Inference Serving Glossary¶
The literacy target for Phase 1. The goal is to explain each of these out loud, without notes, and say why it matters for a platform.
Request lifecycle¶
- Prefill: the first forward pass that processes the entire input prompt and produces the first output token. Compute-bound: work scales with prompt length, saturating GPU compute (FLOPs). Long prompts make prefill expensive.
- Decode: the autoregressive loop that generates one token at a time after prefill. Memory-bandwidth-bound: each step reads the whole model plus KV cache from GPU memory to produce one token, so it's limited by memory bandwidth, not compute.
- Disaggregated prefill/decode: running prefill and decode on separate GPU pools because they have opposite bottlenecks. This lets each pool be sized and scaled independently. It is the defining architecture in NVIDIA Dynamo and llm-d.
Memory and batching¶
- KV cache: cached key/value tensors for every token already processed, so decode doesn't recompute attention over the whole sequence each step. It grows linearly with sequence length × batch size. It is the dominant consumer of GPU memory during serving, and therefore the real ceiling on concurrency.
- PagedAttention: vLLM's technique that manages KV cache in fixed-size "pages" (like OS virtual memory) instead of one contiguous block per request. It slashes memory fragmentation, so you fit far more concurrent requests on the same GPU.
- Continuous (in-flight) batching: instead of waiting to assemble a fixed batch, the scheduler adds and evicts requests from the running batch every decode step. New requests join immediately, and finished ones free their slots immediately. This is the single biggest throughput win in modern serving.
Metrics and SLIs¶
- TTFT (Time To First Token): latency from request arrival to the first token. Dominated by queueing and prefill. It is the metric users feel first, and the primary latency SLI.
- ITL / TPOT (Inter-Token Latency / Time Per Output Token): time between successive output tokens during decode. Drives perceived "typing speed."
- Throughput: tokens per second (and requests per second) the system sustains across all concurrent requests. Trades off against latency, since bigger batches raise throughput but worsen TTFT and ITL.
- Goodput: throughput that also meets latency SLOs. The number that actually matters for capacity planning.
Engines (the layer that runs the model)¶
- vLLM: open-source, PagedAttention plus continuous batching, OpenAI-compatible server. The fast path to a running endpoint and the default starting point.

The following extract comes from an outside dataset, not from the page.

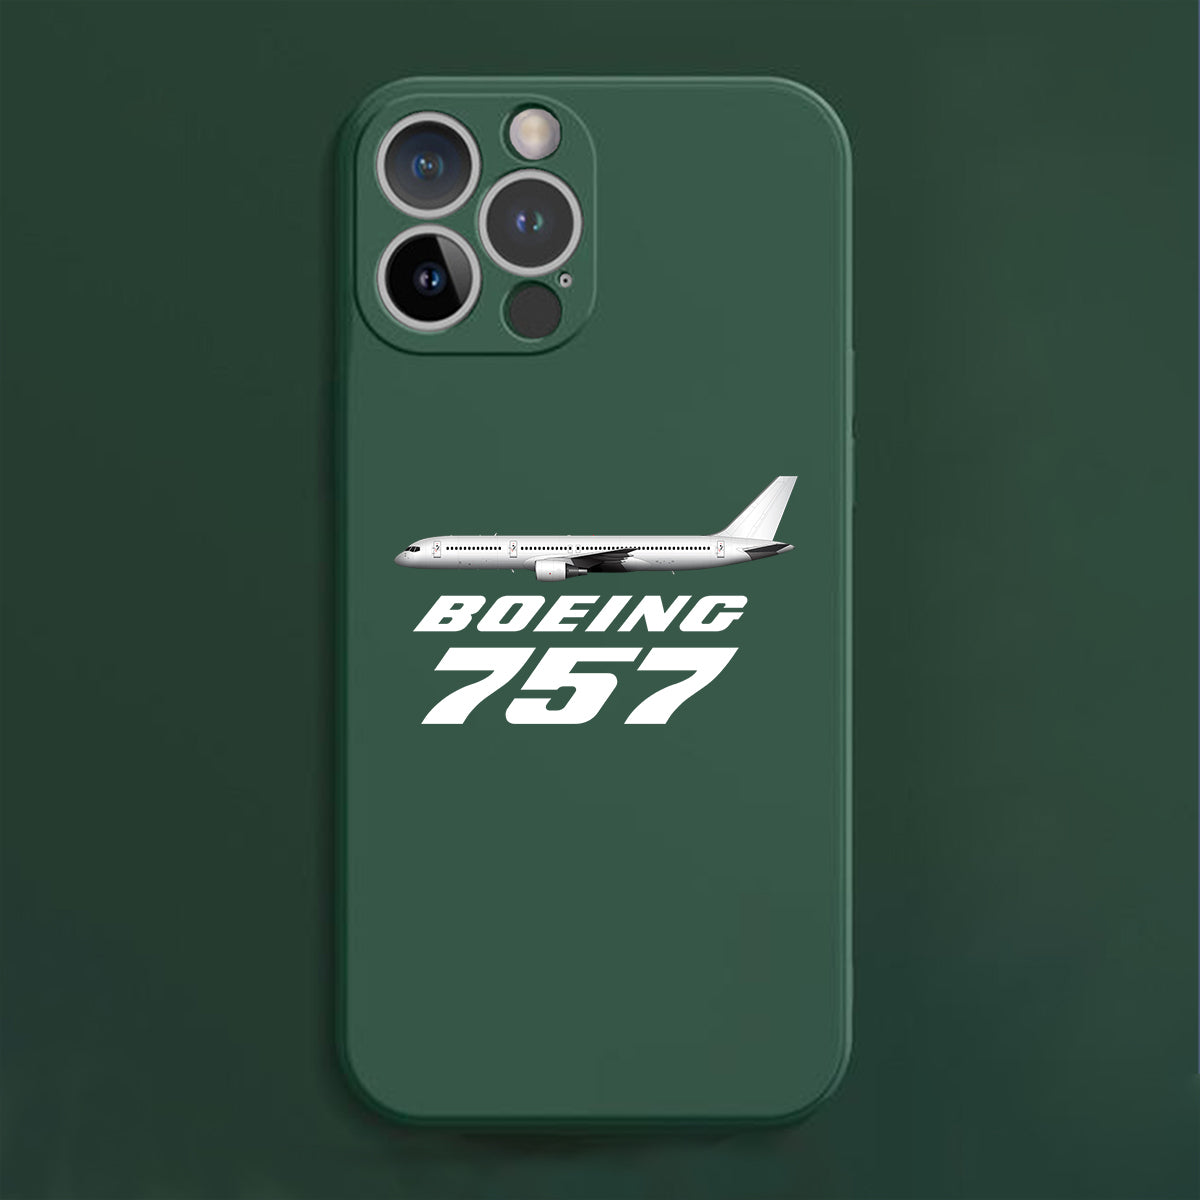 The Boeing 757 Designed Soft Silicone iPhone Cases

- TensorRT-LLM: NVIDIA's compiled-kernel engine for peak throughput and latency on NVIDIA hardware. More setup, highest performance.
- SGLang: engine with RadixAttention (prefix-cache reuse), strong for structured generation and high-concurrency workloads.
Servers and platforms (the layer that operates engines)¶
- KServe: CNCF project that standardizes model serving on Kubernetes. Its
LLMInferenceServiceabstracts GPU scheduling, autoscaling, and prefill/decode disaggregation. The Phase 2 anchor. - Ray Serve: Python-native serving with GPU scheduling, KV-cache-aware autoscaling, and canary patterns.
- NVIDIA Dynamo (Dynamo-Triton): successor to Triton, with disaggregated serving and smart routing across GPU pools.
- Envoy AI Gateway: token-aware rate limiting, model routing, and multi-tenant traffic shaping in front of the engines.
Scaling and economics¶
- Inference-aware autoscaling: scaling on signals like TTFT p95, queue depth, or KV-cache utilization rather than CPU. CPU is nearly meaningless for GPU inference, and KV-cache pressure and latency are the real saturation signals. KEDA drives this from Prometheus metrics.
- GPU economics: accelerators are the dominant cost. Utilization (keeping the GPU busy with useful batched work), quantization (lower-precision weights, so more fits per GPU and faster decode), and batching all change cost-per-million-tokens.
- Cost-per-million-tokens: the unit economic that ties latency, batching, utilization, and GPU price together. The number to optimize and to report in the capstone write-up.